我想要一些如何取两个有限autometa机器的交叉点的例子(图表)。
我学会了两个有限的autometas联合。
我在互联网上搜索过但没找到任何东西。
请不要拒绝我。
答案 0 :(得分:3)
这个想法非常简单,虽然我可以看到混乱的来源。我将通过笛卡尔积机构造给出交叉(联合,差异)机器的过程的文本/符号描述(同样的事情,如同你在谈论。)
DFA是5元组(E,Q,q0,A,f),其中
E is the input alphabet, a non-empty finite set of symbols
Q is the set of states, non-empty and finite
q0 is the start state, an element of Q
A is the set of accepting or final states, a subset of Q
f is the transition function, taking pairs from Q x E to Q
假设我们有两台机器M'=(E',Q',q0',A',f')和M''=(E'',Q'',q0'',A'',f '')。为了使讨论更容易,我们假设E'= E''。我们现在将构造M''',使得L(M'')= L(M')相交(或联合或差异)L(M'')。
Take E''' = E'' = E'
Take Q''' = Q' x Q''
Take q0''' = (q0', q0'')
Take A''' = (x, y) where x in A' and y in A'' (for union, x in A' or y in A''; for difference, x in A' but not y in A'').
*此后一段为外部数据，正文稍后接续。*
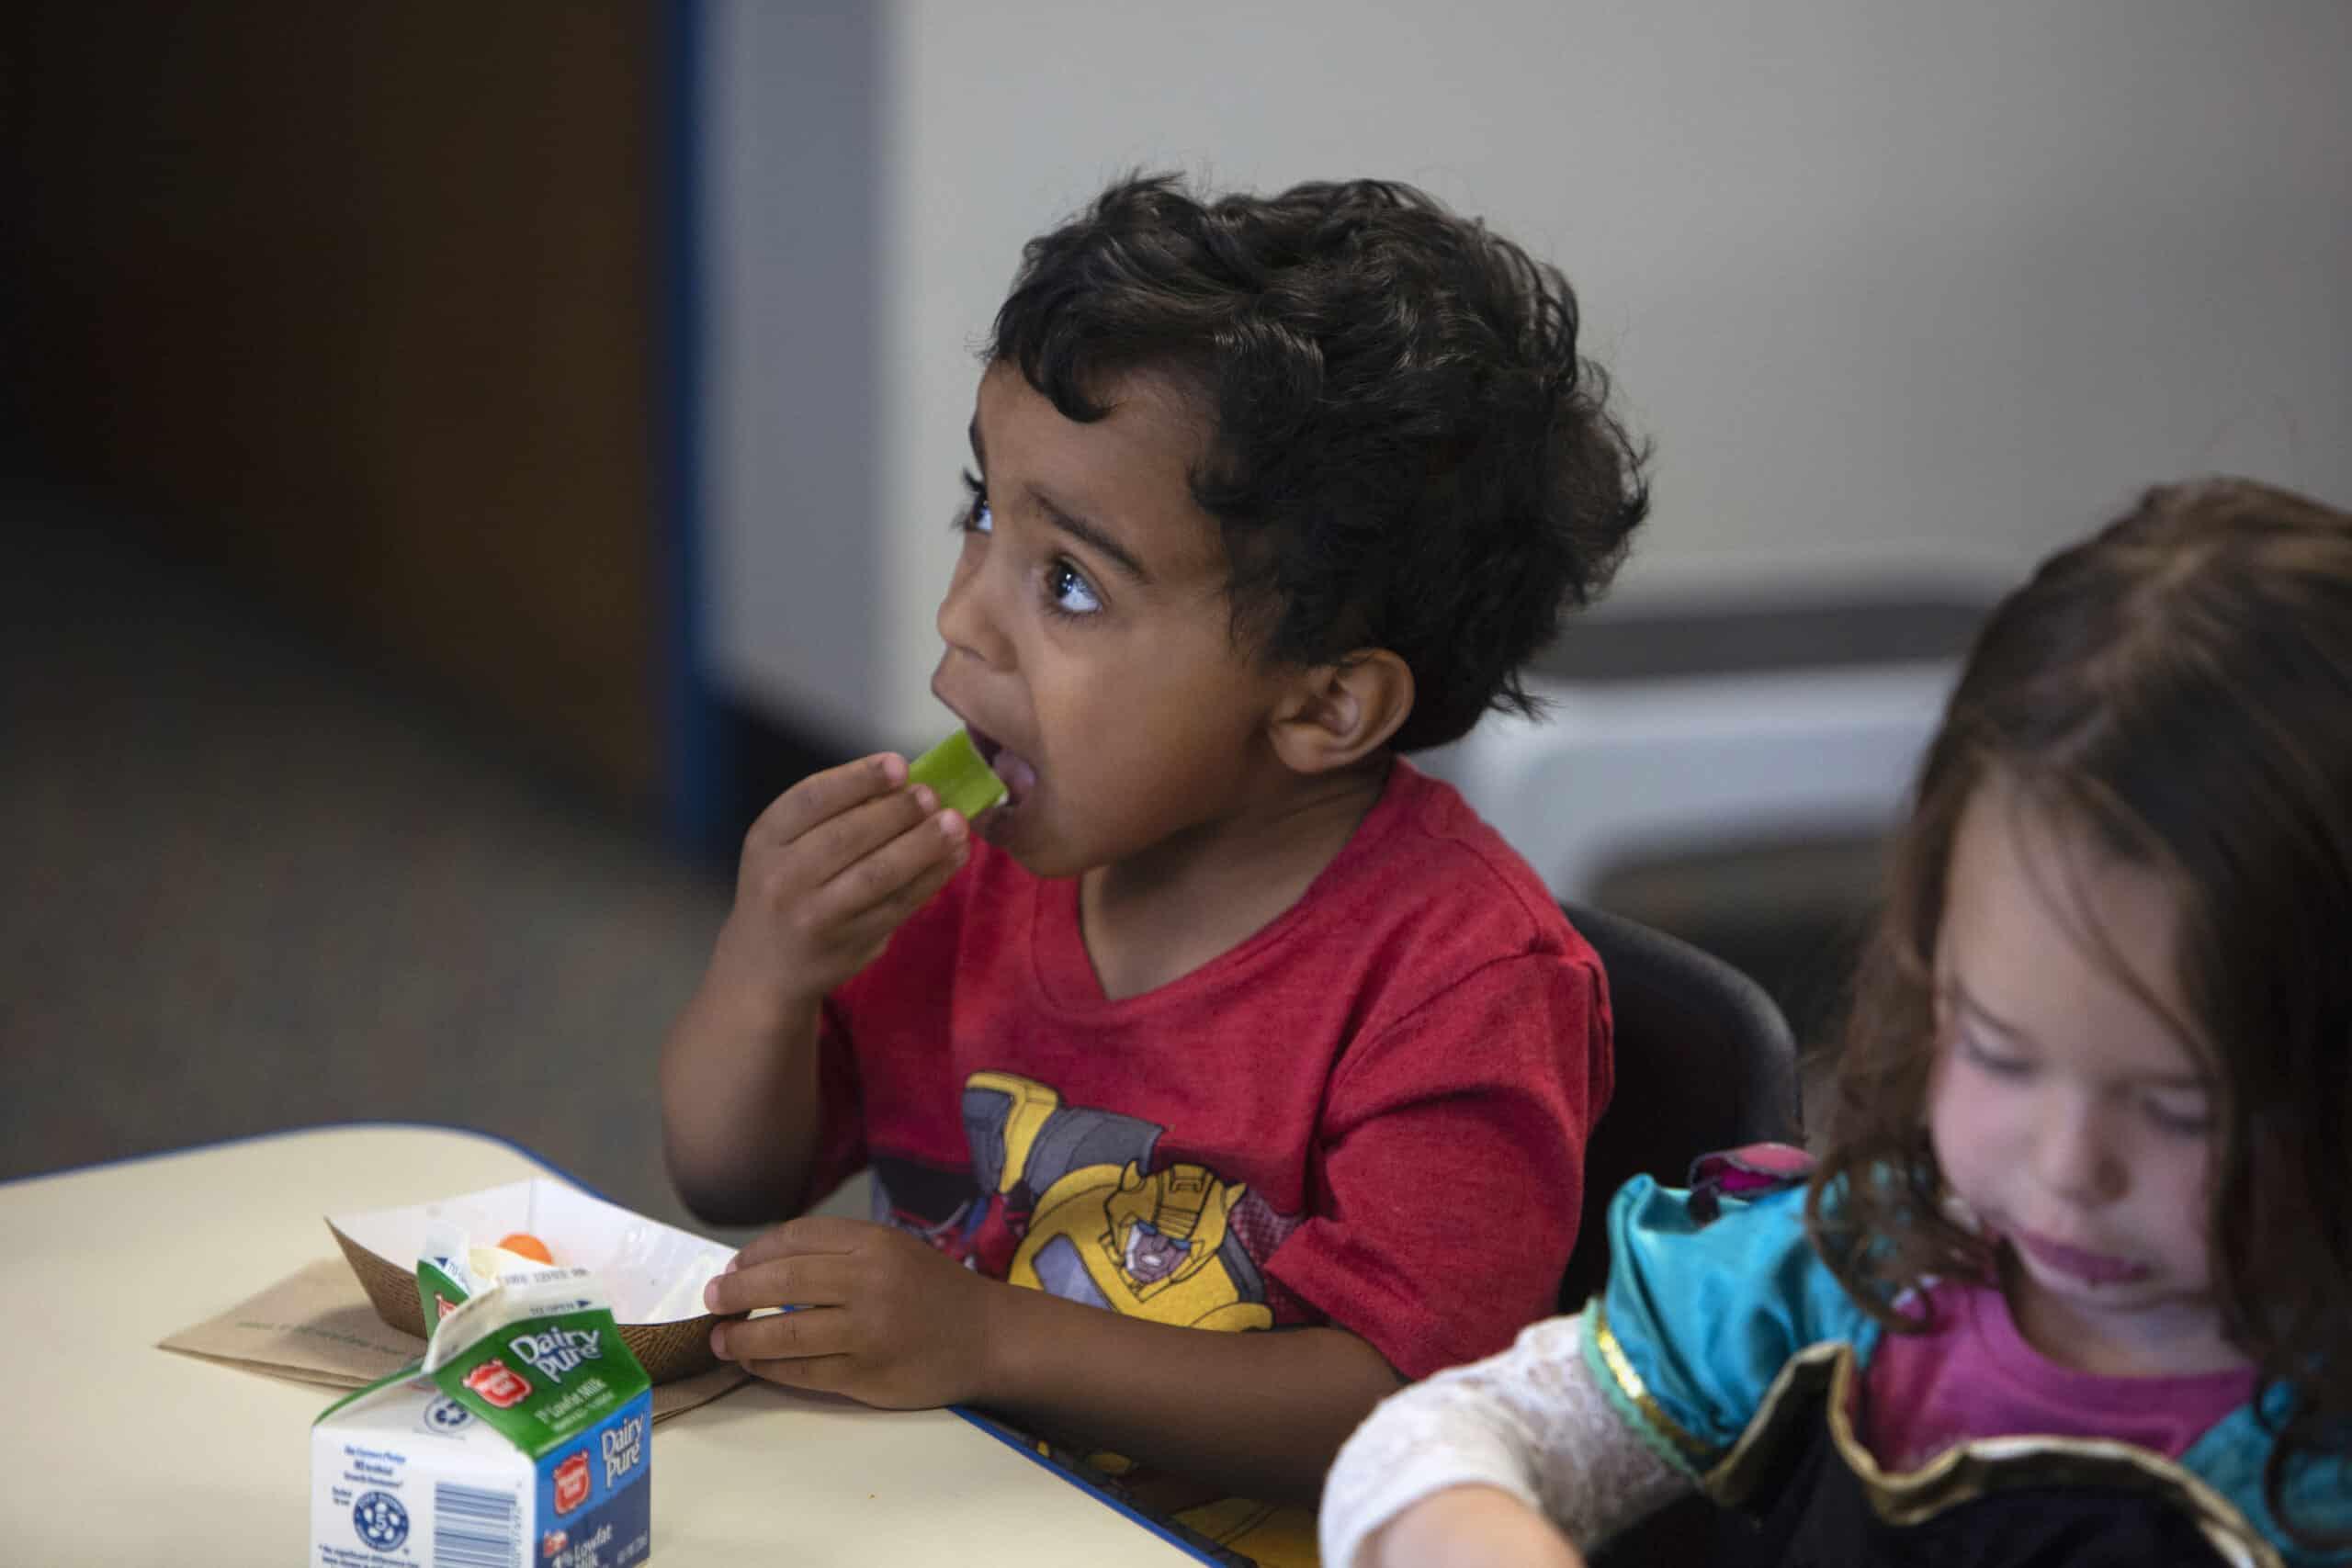 Preschool aged boy eating celery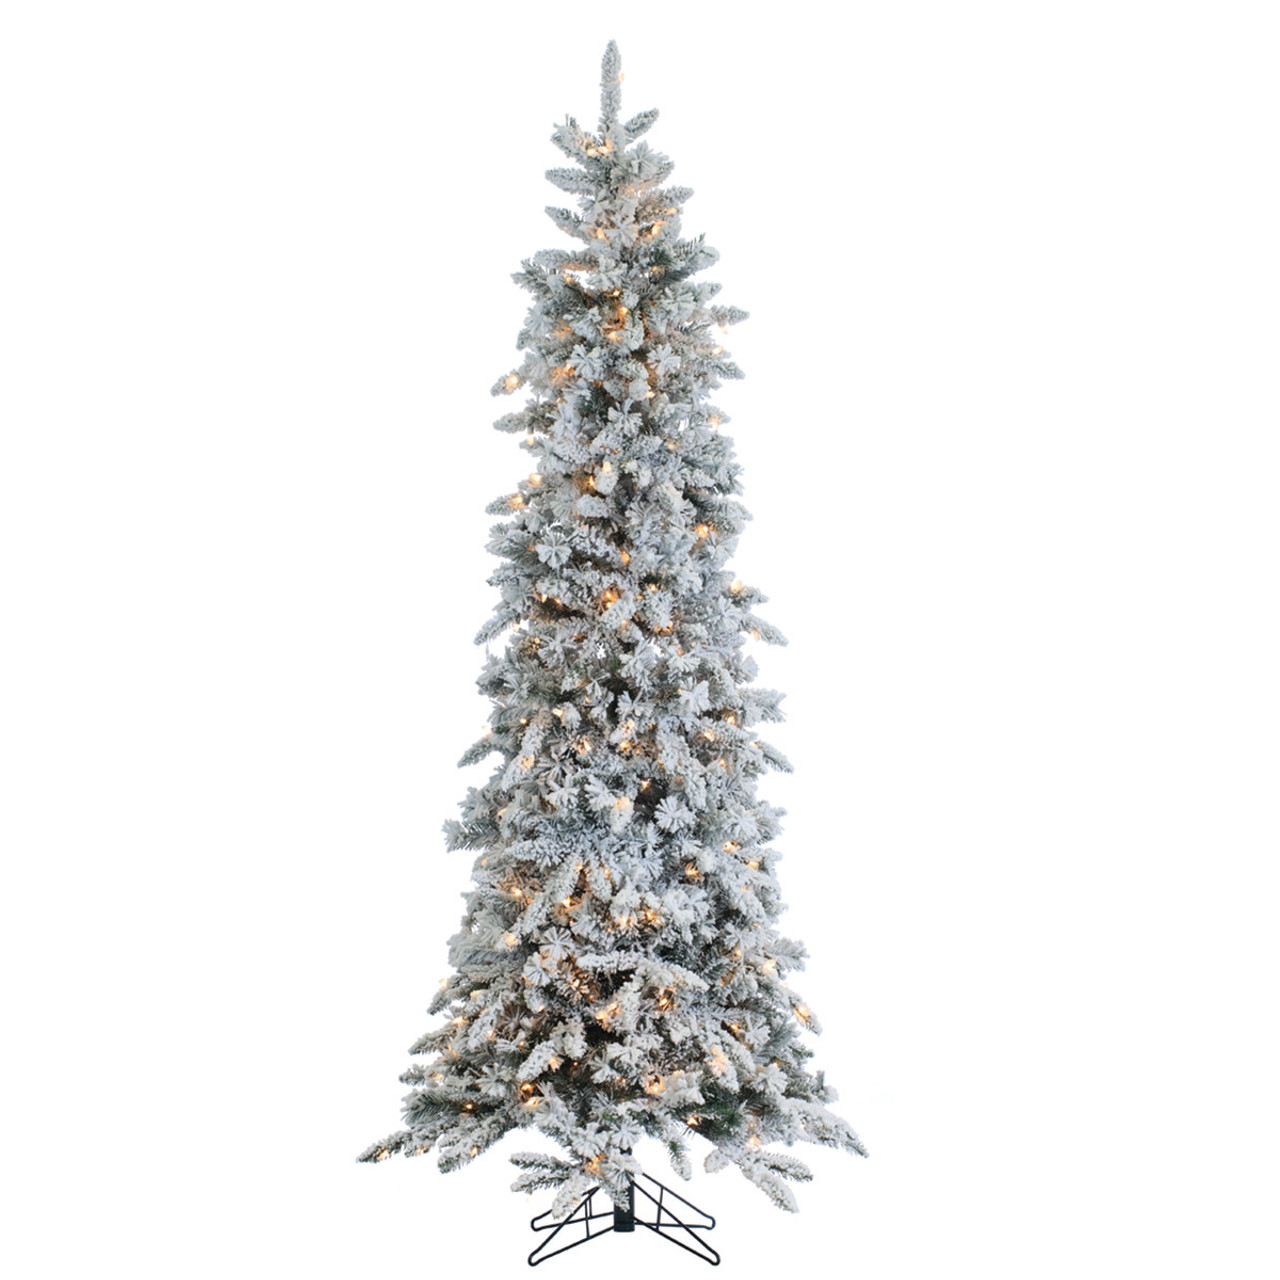 new product 80fa4 31b66 7.5' Prelit Narrow Flocked Pencil Pine Artificial Christmas Tree

Take f'''((x, y), e) = (f'(x, e), f''(y, e)).
对于M',我们有......
E' = {a}
Q' = {s0, s1}
q0' = s0
A' = {s0}
f'(s0, a) = s1, f'(s1, a) = s0
对于M'',我们有......
E'' = {a}
Q'' = {t0, t1, t2}
q0'' = t0
A'' = {t0}
f''(t0, a) = t1, f''(t1, a) = t2, f''(t2, a) = t0
对于M''',我们得到......
E''' = {a}
Q''' = {(s0, t0), (s0, t1), (s0, t2), (s1, t0), (s1, t1), (s1, t2)}
q0''' = (s0, t0)
A''' = {(s0, t0)} for intersection, {(s0, t0), (s0, t1), (s0, t2), (s1, t0)} for union, {(s0, t1), (s0, t2)} for difference.
f'''((s0, t0), a) = (s1, t1), f'''((s1, t1), a) = (s0, t2), f'''((s0, t2), a) = (s1, t0), f'''((s1, t0), a) = (s0, t1), f'''((s0, t1), a) = (s1, t2), f'''((s1, t2), a) = (s0, t0).
你去吧!如果需要澄清,请告诉我。